(окончание; начало здесь)
А. Федаренко (в джинсах) среди участников традиционного шахматного турнира в Союзе белорусских писателей, март 2017 г. Фото: lit-bel.org
Володя, ожидая нас, стоял навытяжку. Даже усы не топорщатся, а виновато опущены кончиками вниз. Когда мы подошли, он, чтобы показать, что кается, стянул с головы спортивную шапочку. Пока нас не было, он натопил печку, вымыл пол, потом, в хате, не давал Тане в руки ничего взять: достал припасы, которые принёс в брезентовом рюкзаке, нажарил колбасы, яичницу на сале, сам собрал на стол. Не было ни одного нашего слова, с которым бы он мгновенно не согласился: «всё так, чистая правда, правильно говорите». И хотя мы отлично знаем, что достаточно мне уехать, а ему выпить, как всё может измениться, – но ведь так приятно иметь даже временную власть над кем-то, лишний раз упрекнуть человека, который выпрашивает прощение.
Вечером выхожу на двор. Морозец. Пар изо рта. Тишина. Ни звука. Тени от столбов, от забора. Через улицу чернеет моя хата, где давно живут чужие люди. Молодой серпик месяца на чёрном, с золотыми крапинками звёзд, небе – не вертикальный, а наклонённый, почти лежит, как на цветной обложке книги Гоголя «Вечера на хуторе…» Уютно светится жёлтое окошко за гипюровыми занавесками. Совершенно синий снег. И запах дыма из трубы – сладкий, первобытно-радостный, как запах жареного мяса летом в курортных городах у моря.
Вот так стоял на этом самом месте, когда мне было пять лет, смотрел на забор, от которого и тогда лежала такая же зубчатая тень на синем снегу И какая же тогда, в пять лет, была радость, какое счастье! – не от познания новой жизни, а в сто, в тысячу раз большее – от возвращения в жизнь старую, знакомую (с которой недавно так страшно распрощался, казалось, навсегда); и с каждым вдохом эта жизнь вливалась в кровь, с каждым взглядом увеличивалась; обострялись запахи, цвета, звуки…

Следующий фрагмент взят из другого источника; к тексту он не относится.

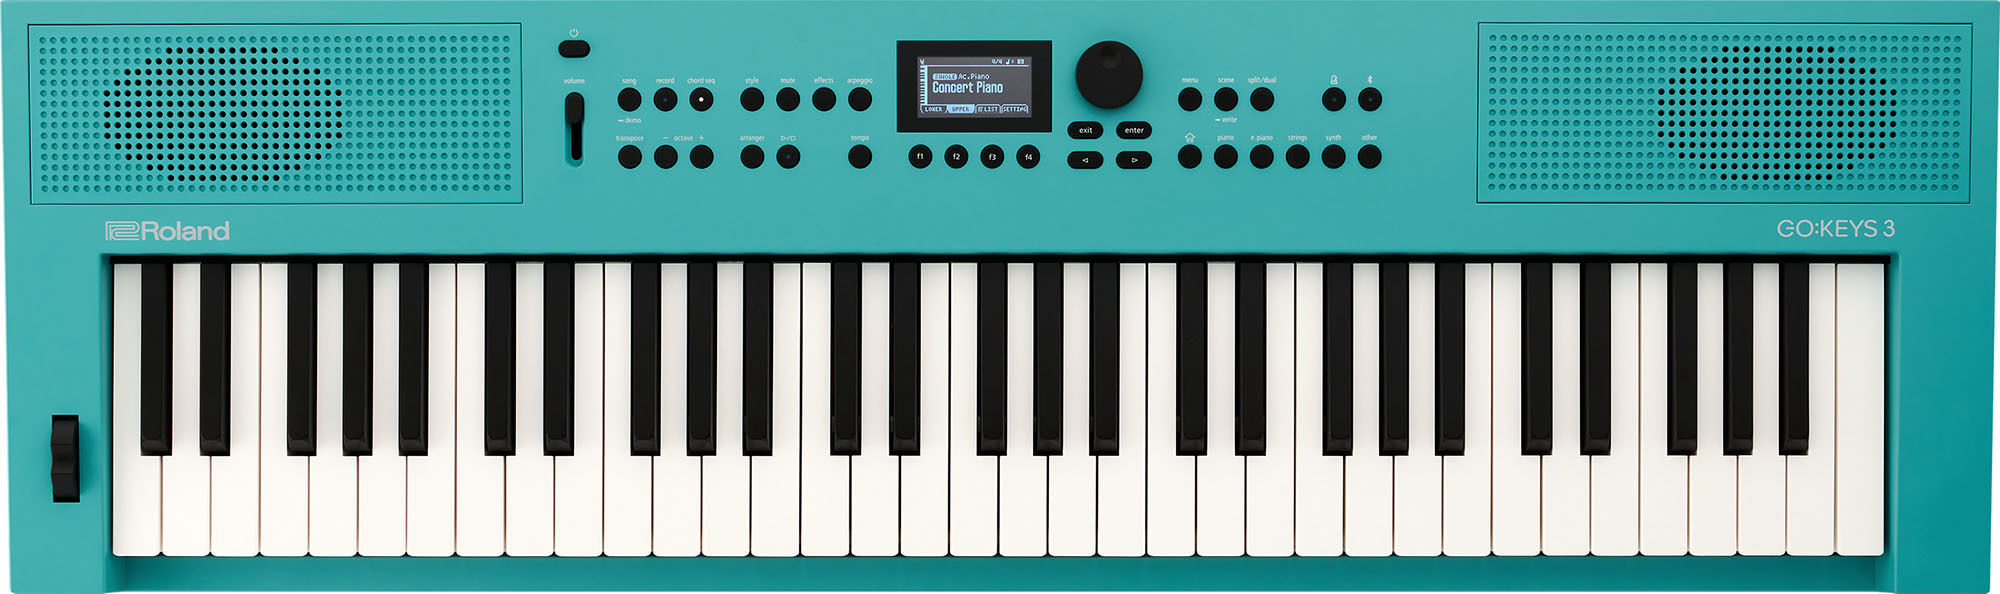 Roland Go:keys-3-tq - Entertainer Keyboard - Main picture

Мои друзья ждут меня на улице, зовут меня, и вот мы снова вместе, обнимаемся, радостные, живые, и все близкие рядом, смеются, поздравляют: ну вот и кончилось твоё путешествие, и ничего страшного, а теперь опять всё по-новому! – именно так мне и представляется смерть – как возвращение к началу, к детству, к матери, друзьям, к моим девочкам, натопленной печи, дороге в школу, к книгам, хоккею, целомудрию… Всё снова впервой, снова так остро и совсем не страшно. Если бы люди не знали, что они бессмертны, они бы не жили и одного дня, и одной минуты, а, собравшись вместе, одной огромной атомной бомбой взорвали бы и себя, и всё на свете. Но каждый отлично знает, что он бессмертный, что если однажды родился – это уже навечно.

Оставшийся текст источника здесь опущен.